Fast, high frequency vibrations suffer from Gaussian noise. Slow, low frequency motion suffer from drift. This limits the range of motion you can accurately measure with accelerometers.
Additional answer:
What does frequency refer to when it comes to motion? It simply refers to the change in direction of motion, or more specifically the change in direction of the vector of motion.
It may be difficult to imagine that linear forward motion has a frequency but linear forward motion only has a frequency of zero if the object either travels at constant speed or constantly accelerates for eternity. For a car or a train or a plane or a boat or a spaceship this is not the case. All vehicles in motion has to stop eventually. When it stops, it has completed a motion with frequency of 1/(2*time_of_journey).
For accelerometers, the frequency is more since accelerometers measure acceleration, not distance. So if the vehicle travels like a spaceship which accelerates only once and decelerates only once then the frequency of the input will be 1/time_of_journey (since the value of acceleration starts at and returns to 0). But for cars and boats and bicycles and most other vehicles the frequency is significantly higher since most vehicles constantly accelerates and decelerates. So the frequency of acceleration is generally 1/(time_of_journey/number_of_times_you_hit_the_brakes).

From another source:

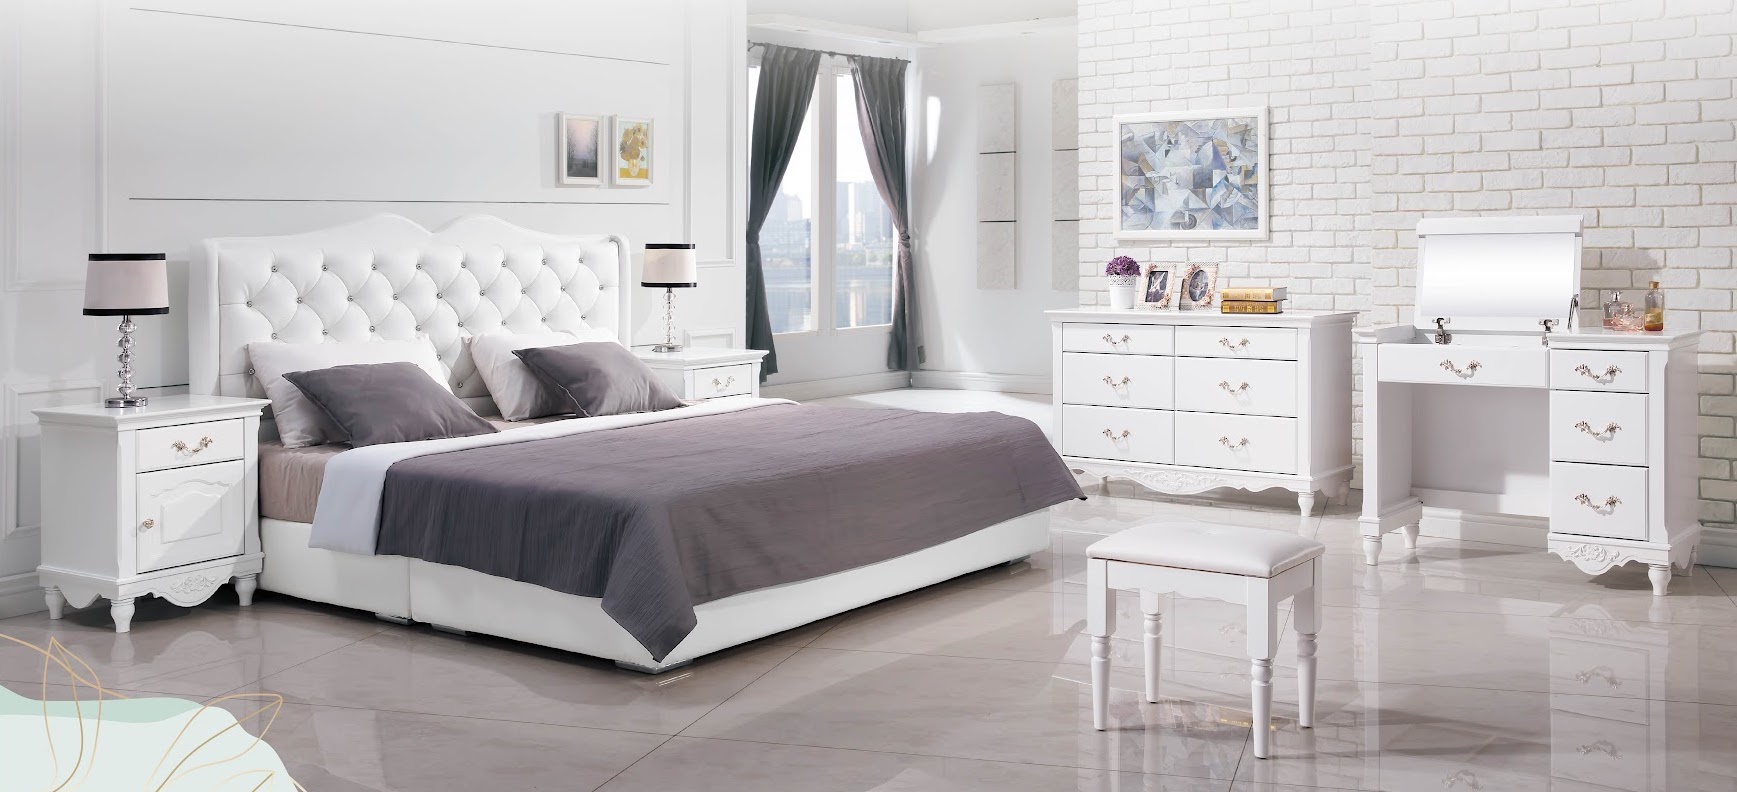 奧莉薇歐風斗櫃 床組 化妝台 床頭櫃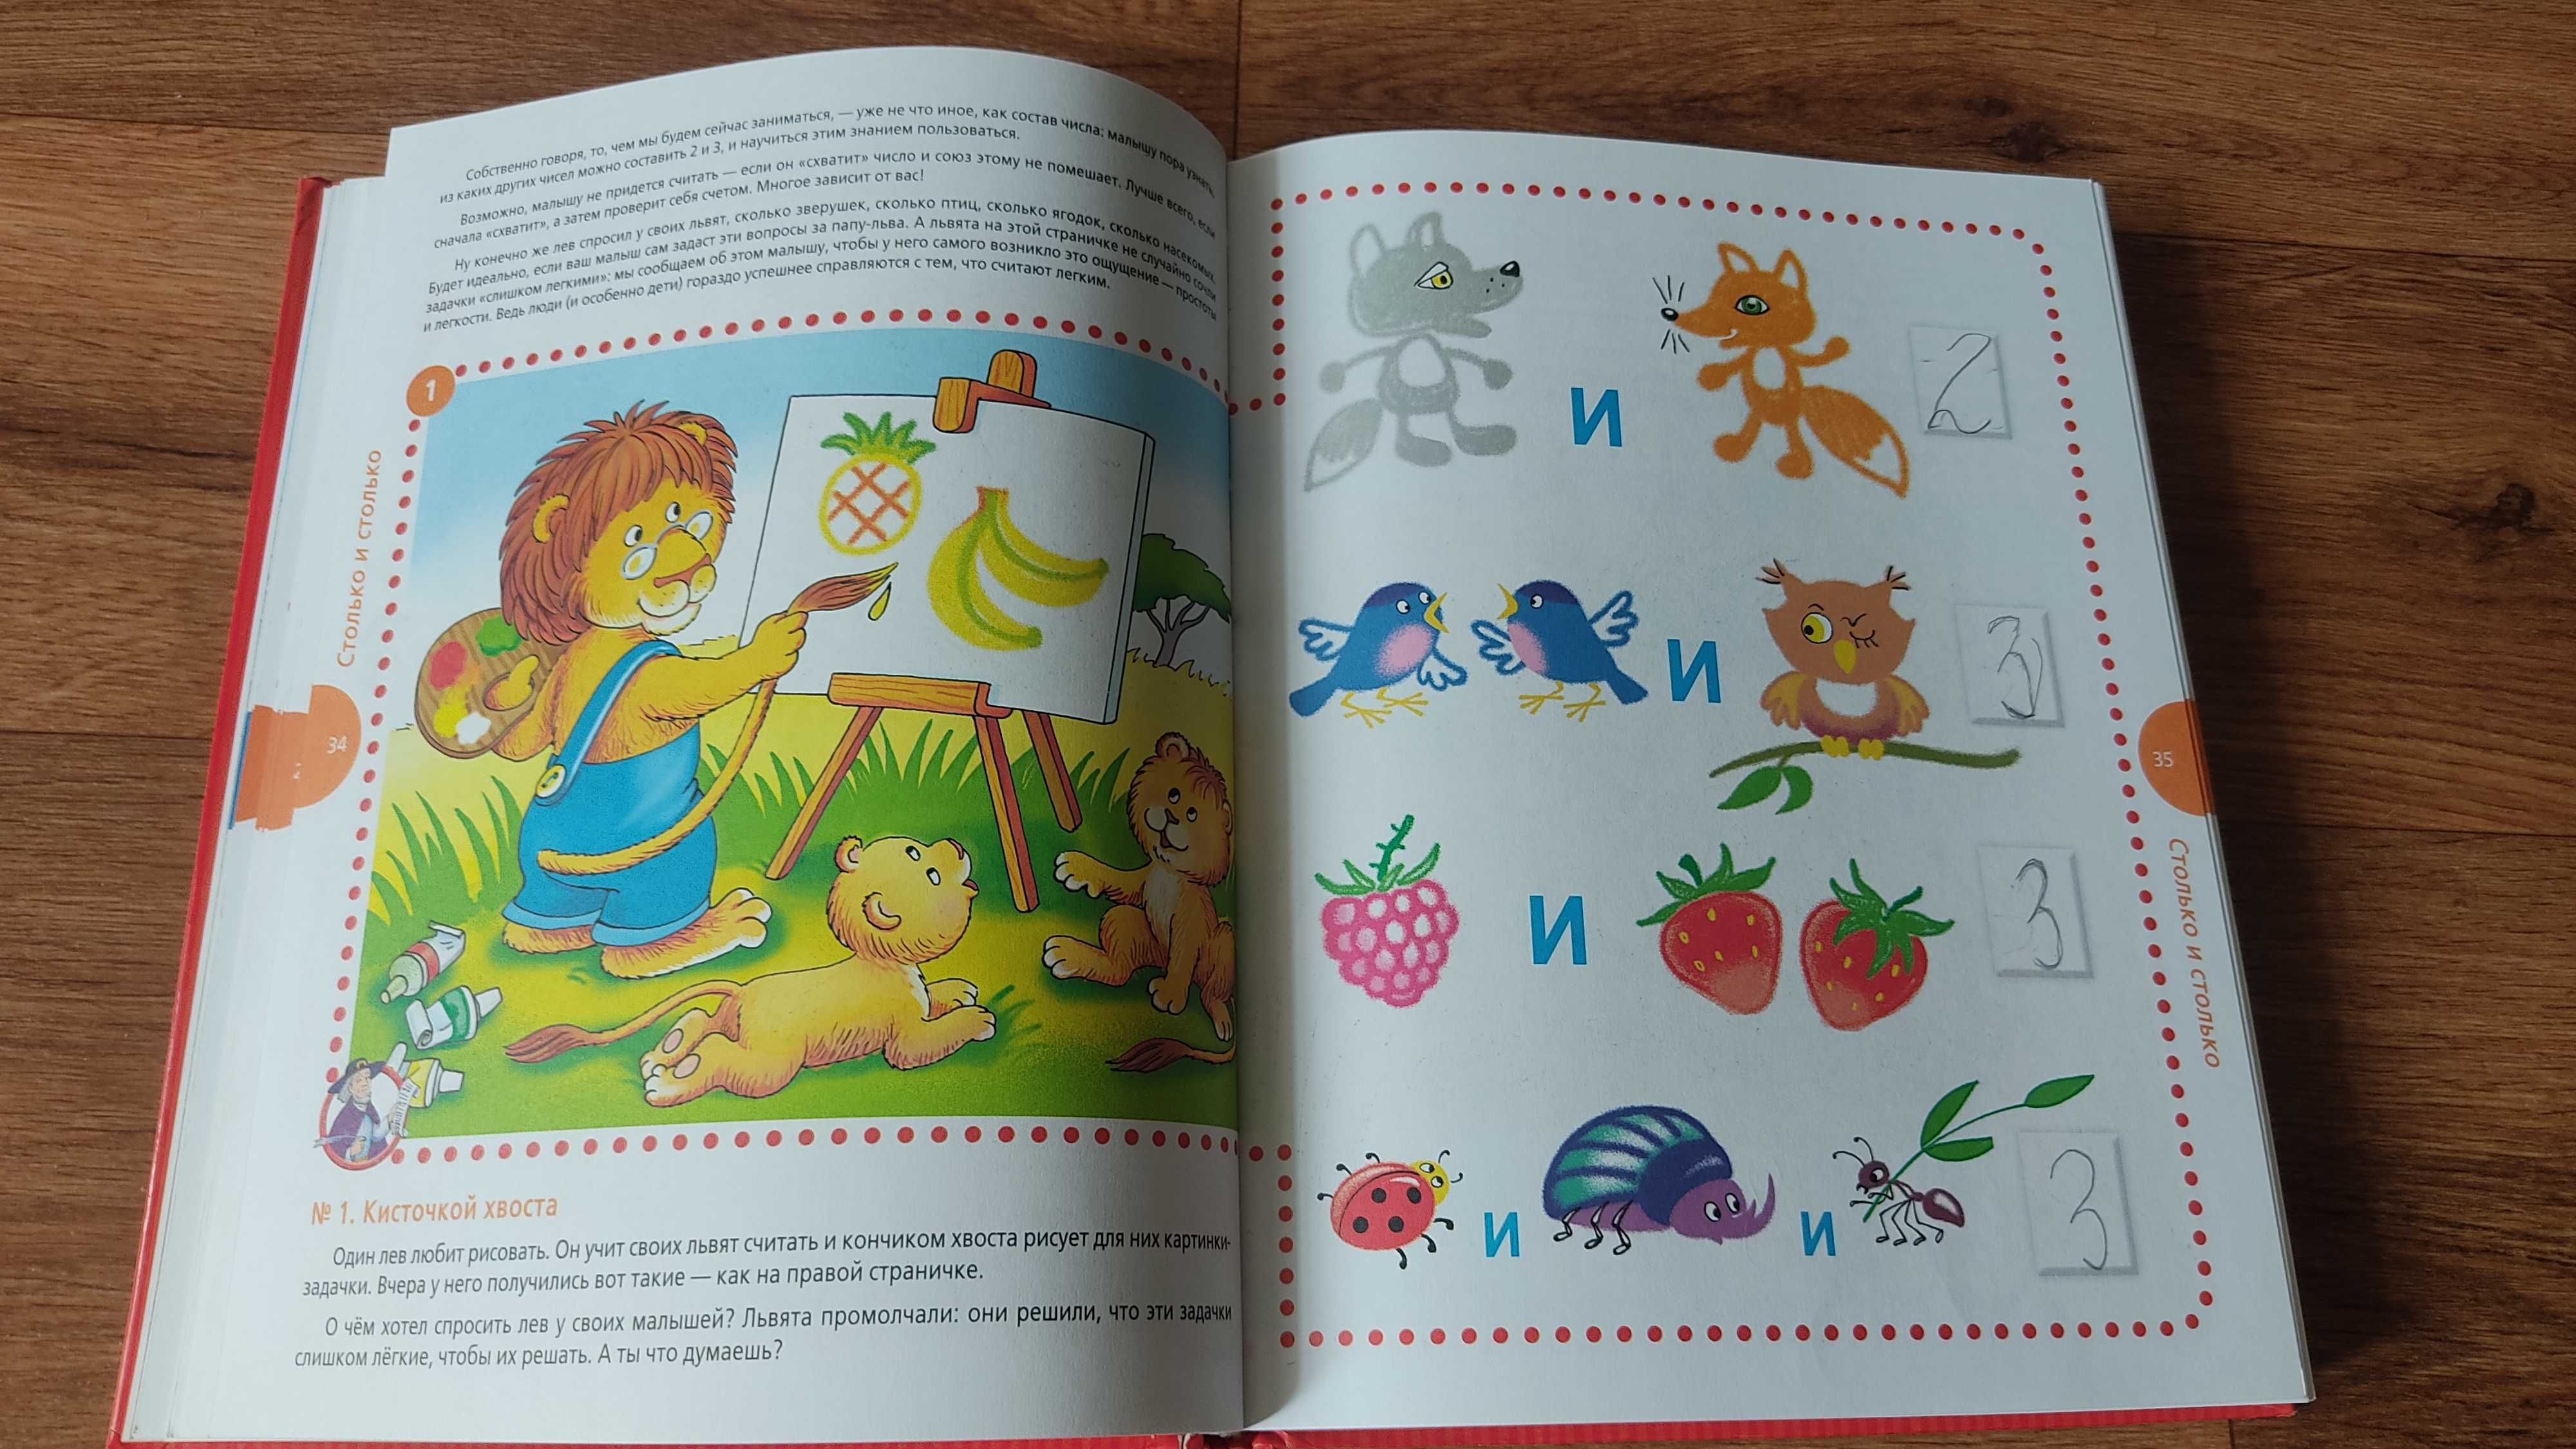 О. Соболева, В. Агафонов "Любимая математика", книга для деток 3-6 лет

Seriously, the numbers for this is generally very low. Take the simple example of a spaceship going to the moon and ignore the launch and landing. The frequency of acceleration for Neil Armstrong's trip to the moon was 1/4 days or 0.000003 Hz. That doesn't look like much of a frequency.
So why state the parameter in terms of frequency? Well, in signal processing motion is generally assumed to be sine waves. It's not realistic and doesn't reflect the real world but is good enough and simplify things enough to the point where we can write down equations to model things. Which is why you see things like "accelerometer noise" being quoted in terms of frequency.
Vehicles also do experience acceleration at higher frequencies though. Vibrations caused by the engine and bumps in the road and friction with the air has frequencies in ranges that we recognize as being periodic. Indeed, often our ears detect such things as rattling or humming or swooshing sounds. Sensitive accelerometers detect them too.